Figure 4.3.5. Several solution curves superimposed onto the direction field for a rate equation modelling radioactive decay.
In Figure 4.3.5, we see that the solution curves follow the general direction of the direction field.
We can even use the direction field and representative solution curves to make predictions about solutions, such as long-term behaviour. For example, it appears that no matter the initial amount \(q(0)\text{,}\) all solution functions will satisfy
\begin{equation*} q(t) \to 0 \qquad \text{as} \qquad t \to \infty \text{.} \end{equation*}

Example 4.3.6. A direction field that varies in both horizontal and vertical.

Now let’s try plotting a direction field for the rate equation in Example 4.2.6. This example is slightly different from the last in that the rate equation involves the independent variable as well, so the slopes of our line segments will vary more.
Our rate equation in that example was
\begin{equation*} r(t) = \frac{q(t) \bbrac{1 - q(t)}}{t + 1} \text{.} \end{equation*}
Here is an example slope calculation for one of the line segments in the direction field. If we assume that there exists a solution function \(q(t)\) whose graph passes through the point \((1,-2)\text{,}\) then that means \(q(1) = -2\text{,}\) and so
\begin{align*} r(1) \amp = \frac{q(1) \bbrac{1 - q(1)}}{1 + 1} \\ \amp = \frac{-2 \bbrac{1 - (-2)}}{2} \\ \amp = - 3 \text{.} \end{align*}
So in our direction field we should draw a little line segment at point \((1,-2)\) with slope \(-3\text{.}\) To get an actual direction field, we repeat the above calculation at a number of points in a grid. In Figure 4.3.7, we have carried this out for
\begin{align*} 0 \le \amp t \le 4, \amp -4 \le \amp q(t) \le 4 \text{,} \end{align*}
with grid points spaced a half-unit apart.
Direction field for a rate equation involving both the dependent and independent variables.
Figure 4.3.7. Direction field for a rate equation involving both the dependent and independent variables.
In this direction field, we can see a few different kinds of behaviours on the domain \(t \ge 0\text{.}\) First, we can see two equilibrium or “steady-state” solutions at \(q(t) = 1\) and \(q(t) = 0\text{.}\) (The slope segments at \(q(t) = 0\) are hidden by the \(t\)-axis, but they are also horizontal there.) Second, when the initial amount \(q(0)\) is positive, the solutions appear to tend to \(1\) over the long term. That is, when \(q(0) \gt 0\text{,}\) it appears that we will have
\begin{equation*} q(t) \to 1 \qquad \text{as} \qquad t \to \infty \text{.} \end{equation*}
However, when the initial amount \(q(0)\) is negative, the solutions appear to eventually head sharply downward. That is, when \(q(0) \lt 0\text{,}\) it appears that we will have
\begin{equation*} q(t) \to -\infty \qquad \text{as} \qquad t \to \infty \text{.} \end{equation*}
Several solution curves superimposed onto the direction field for a rate equation.
Figure 4.3.8. Several solution curves superimposed onto the direction field for a rate equation.

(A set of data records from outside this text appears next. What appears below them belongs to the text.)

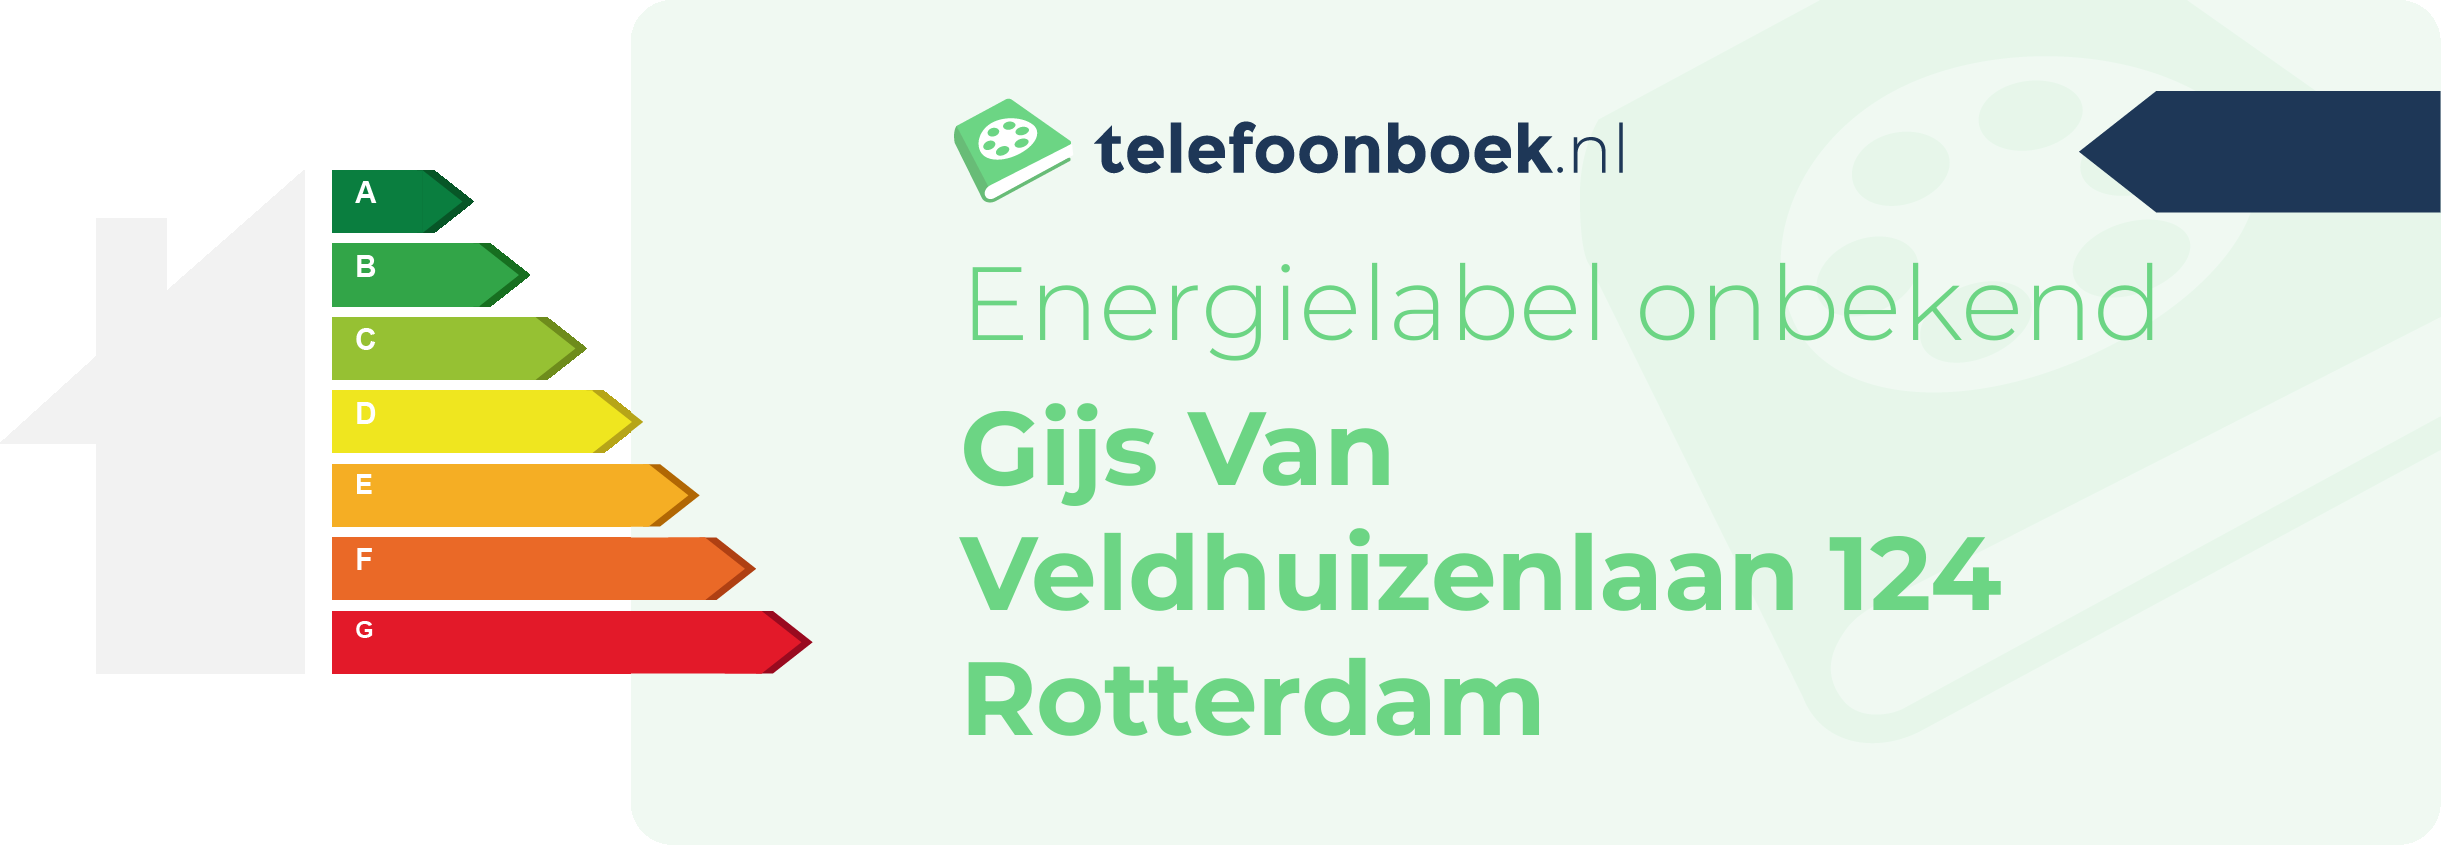 Energielabel Gijs Van Veldhuizenlaan 124 Rotterdam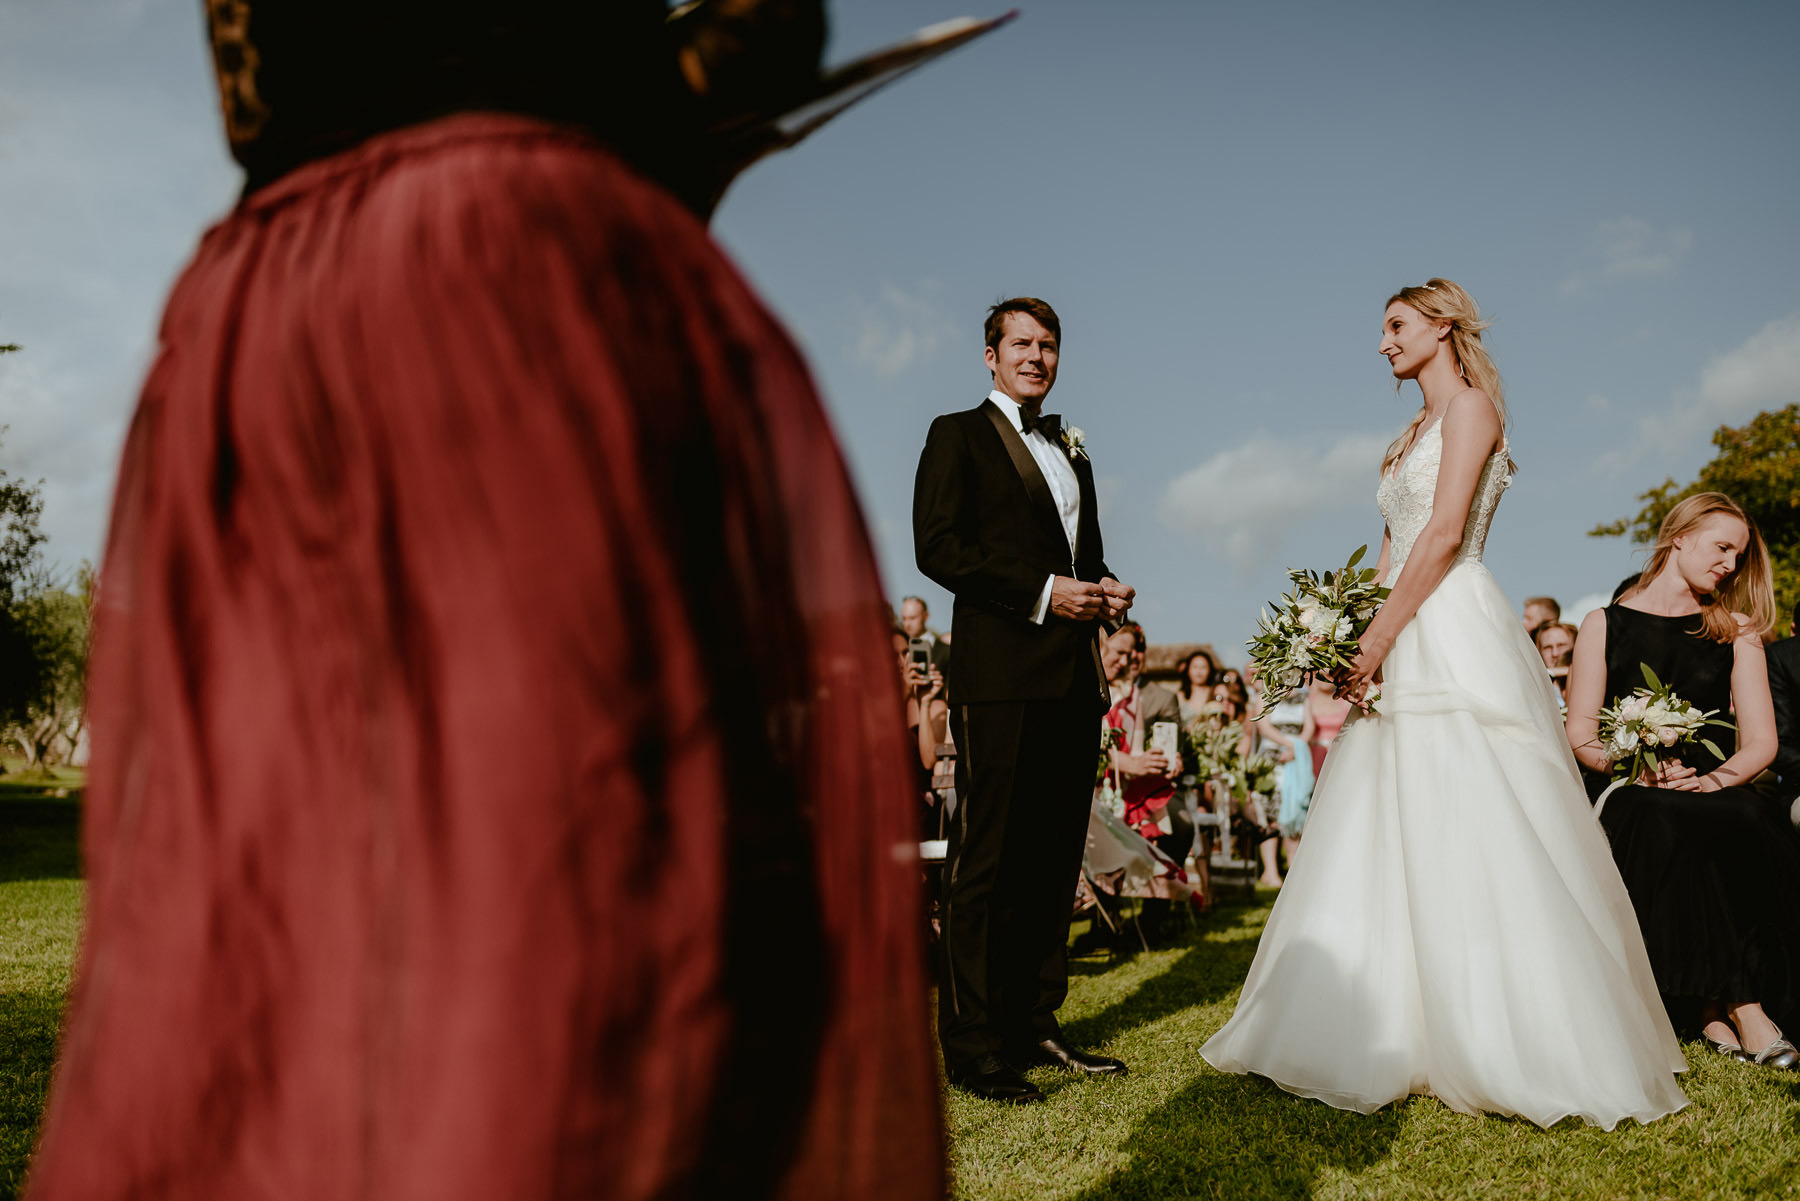 Siena wedding photographer borgo scopeto outdoor rustic ceremony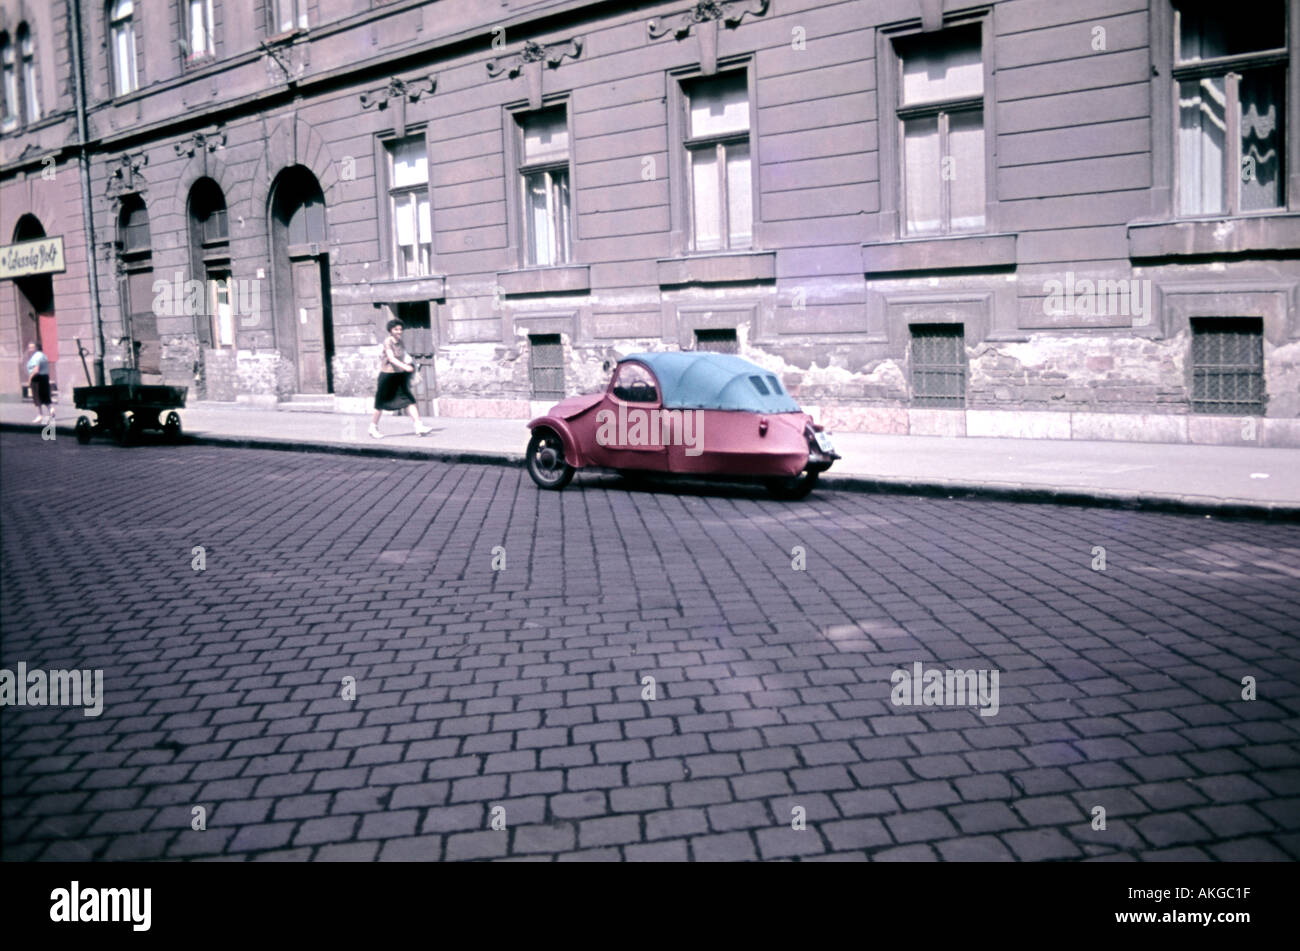 Vieille voiture à trois roues quelque part en Europe de l'est peut-être 1960 Hongrie Budapest Banque D'Images

Definition 4.3.9. Integral curve.

A curve in the \(tq\)-plane that follows the direction field for a specific rate equation.

Warning 4.3.10.

Integral curves do not always represent solution functions, as they sometimes fail the Vertical Line Test. But even in that case we can usually “snip” them into pieces of the curve so that each individual piece is the graph of a solution function.